On the third-quarter conference call with analysts, Huang also discussed some exciting growth drivers for NVIDIA, which has now adapted its new T4 data center GPUs not only for machine learning but now also for inference, specifically in speech training algorithms.
With the need to process massive data sets and execute quick, instantaneous inference, NVIDIA GPUs will need to be deployed in large numbers in the future, and NVIDIA's formidable moat makes it an undisputed leader in the space.
Speaking of processing, all of the data needed for training and inference requires huge amounts of storage and memory. Though there are a few names within this industry, the company with the most comprehensive portfolio and interesting prospects is Micron (NASDAQ:MU).
Micron is one of three leading producers of dynamic random access memory (DRAM), which feeds data to a processor, and one of six producers of NAND flash, one of the two main storage technologies. In addition, Micron is one of only two companies to produce a new kind of memory called 3D Xpoint, which is similar to NAND flash but much faster -- though more expensive.
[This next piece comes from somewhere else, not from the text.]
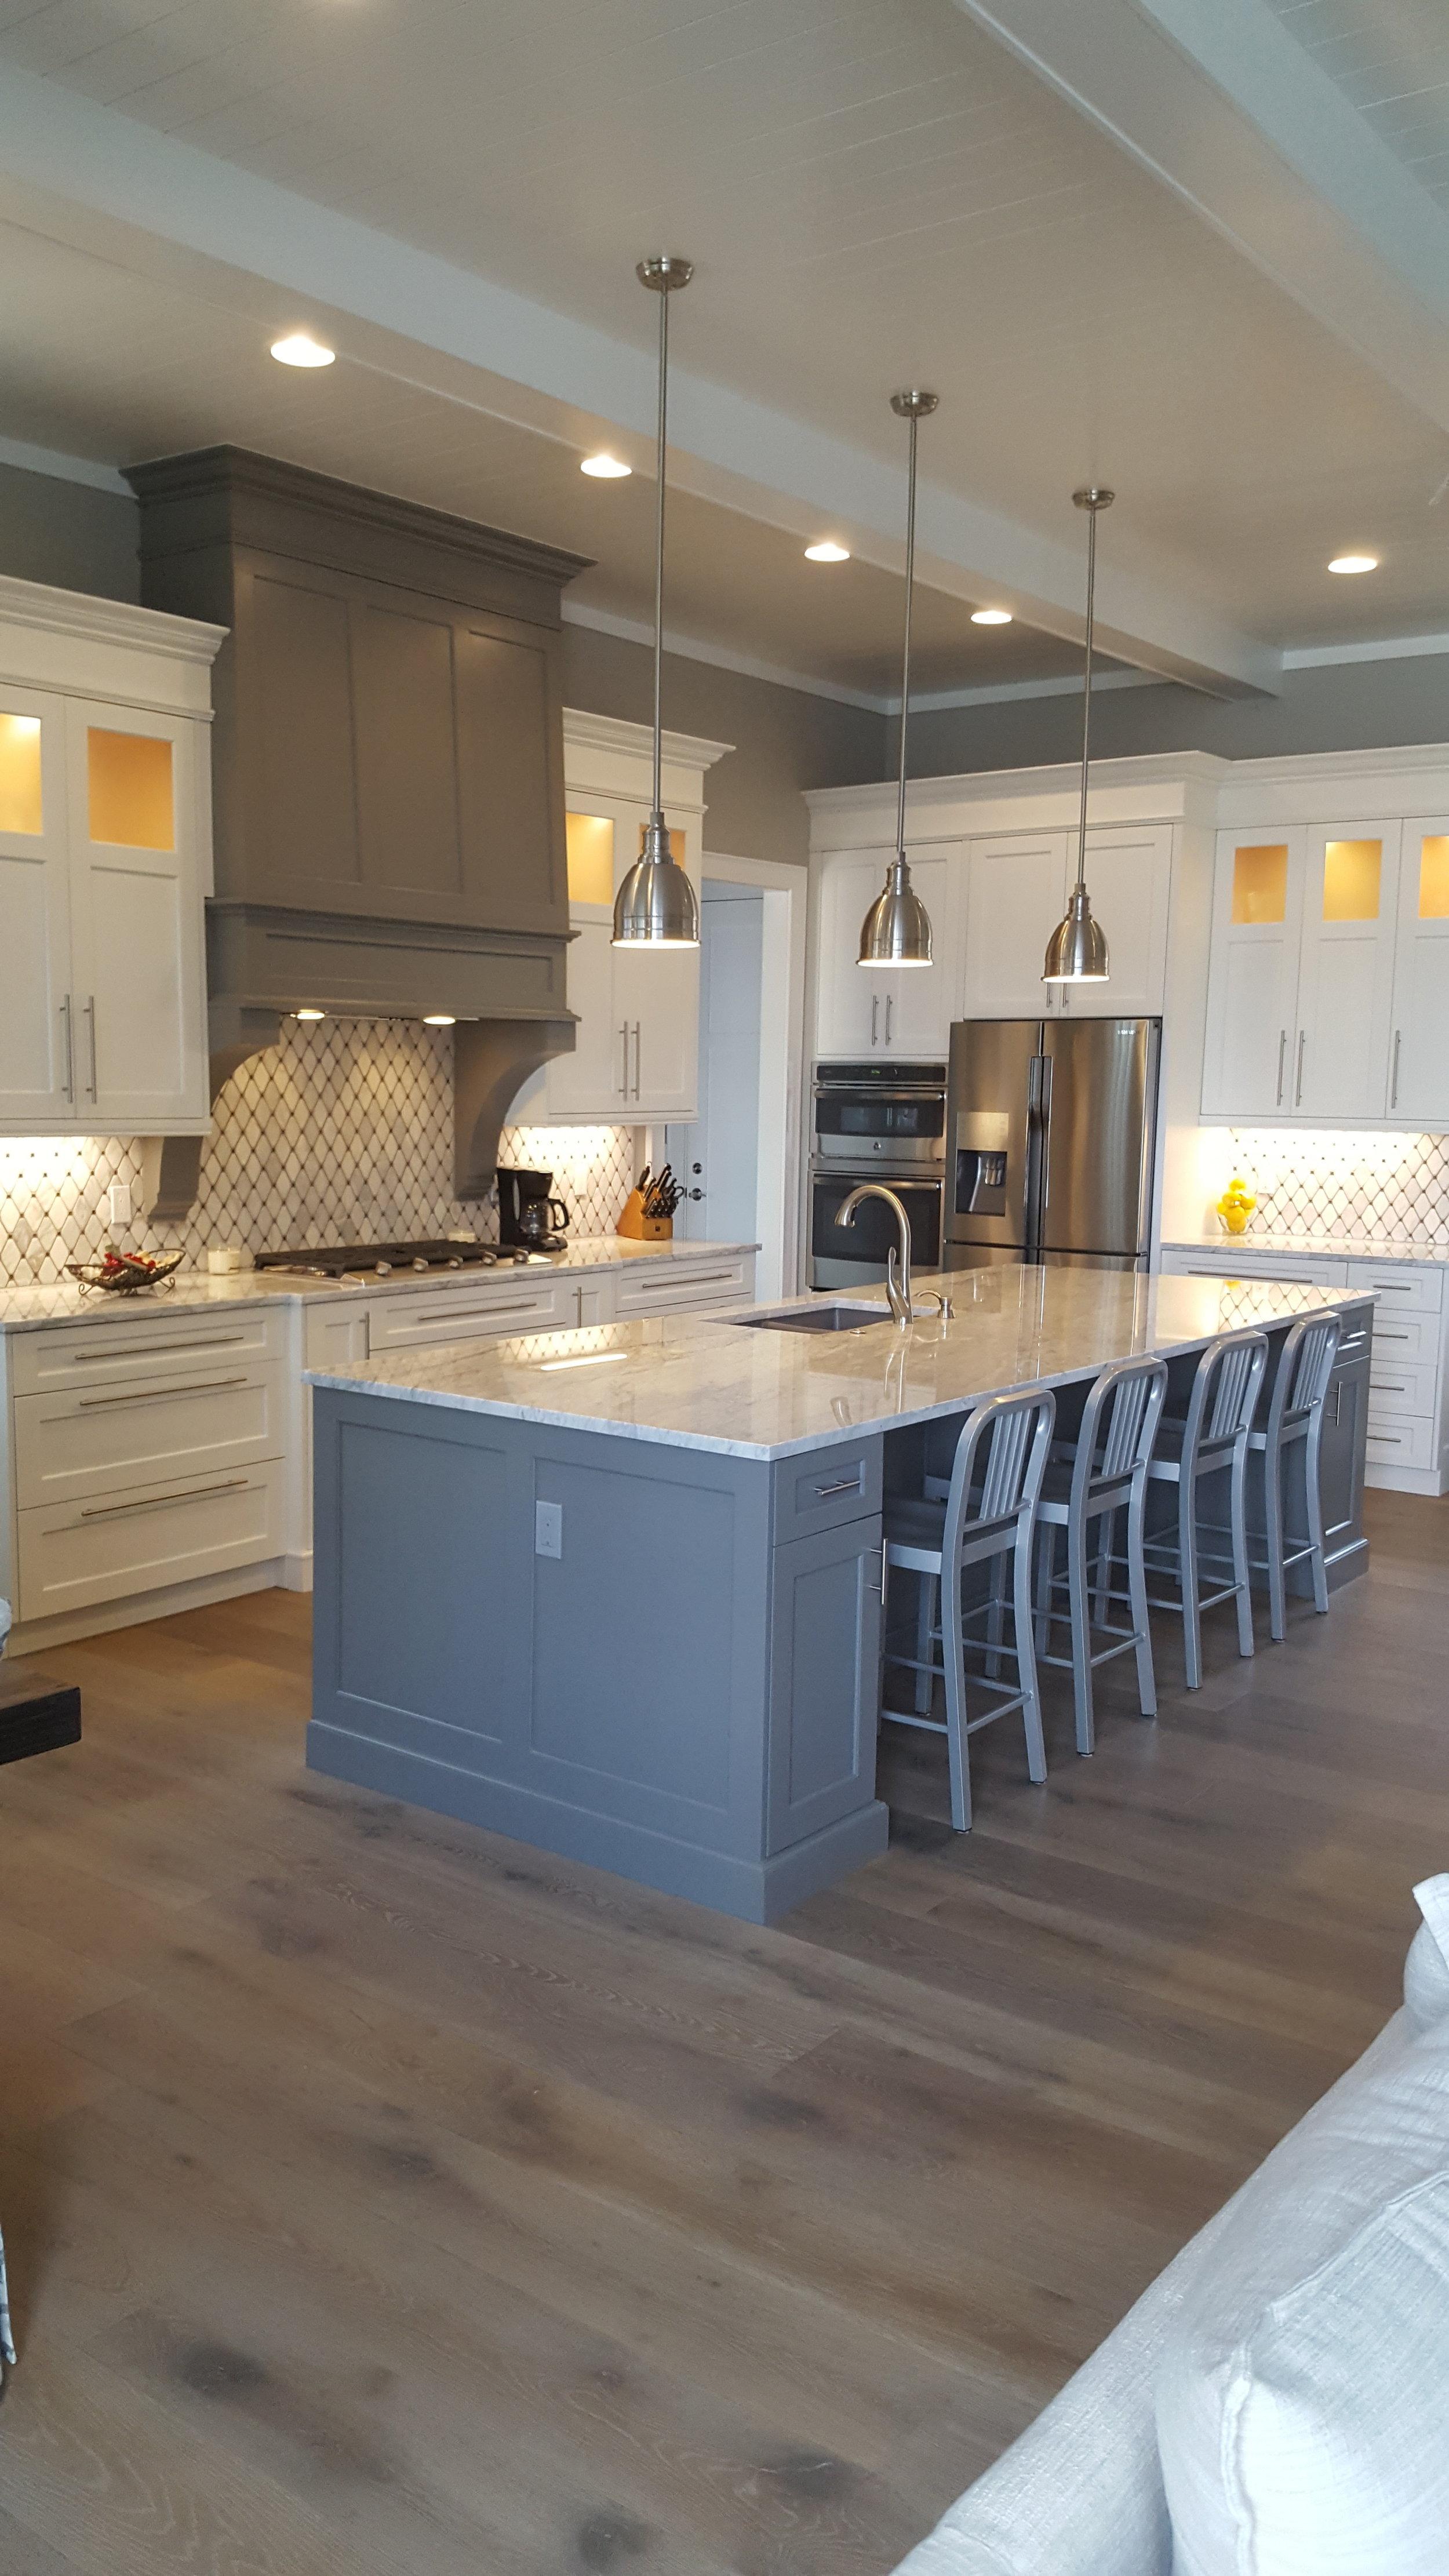 Kitchen 1 - Mary Stark.jpg

Micron just unveiled its first 3D Xpoint solid-state drive in October, and while this new memory won't move the needle versus its other divisions for some time, it could differentiate Micron from others, as the only company to have all three technologies.
AI, along with other new tech applications like 5G communications, will cause a boom in memory demand in the years ahead. Demand for DRAM is expected to grow near 20% on an annual basis, and demand for NAND flash is forecast to compound at a low 30% rate over the long term. While the memory industry is notoriously cyclical, and supply and demand can get out of balance at times, in the long run, demand for Micron's products should be there.
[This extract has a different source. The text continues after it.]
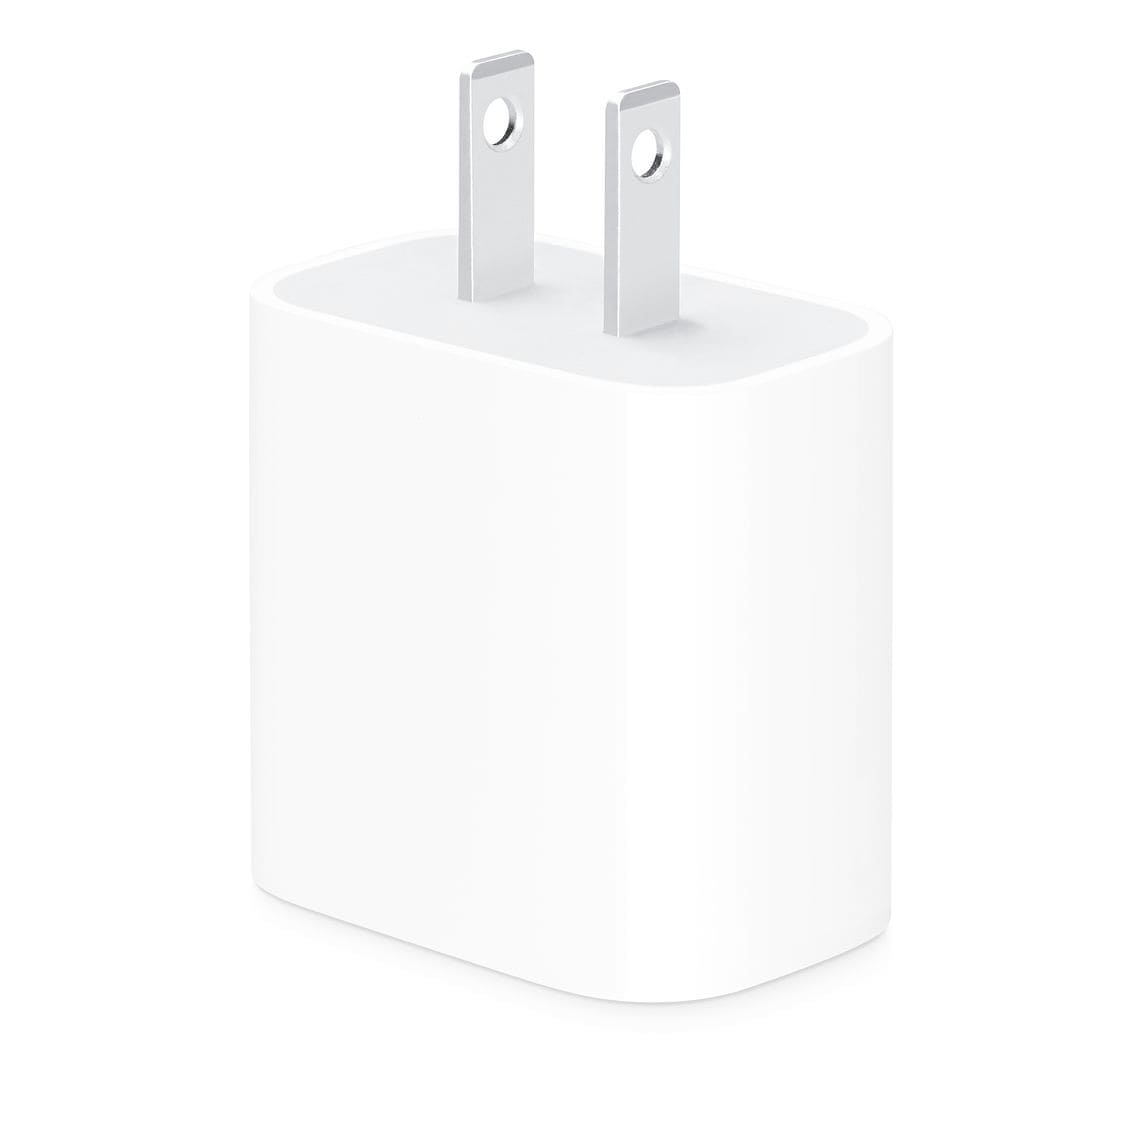 Adaptateur Apple USB-C

Besides producing memory chips, Micron has recently invested directly in the AI space itself. Last year, the company dedicated $100 million to funding early-stage AI start-ups, and in October the company acquired FWDNXT, a developer of software and hardware accelerators that speed up AI processes. Micron is now experimenting bringing FWDNXT's computing functions into the memory chip, which could pave the future of edge computing applications.
With its comprehensive memory portfolio and cheap valuation, Micron is another solid, if volatile, cornerstone of any AI portfolio.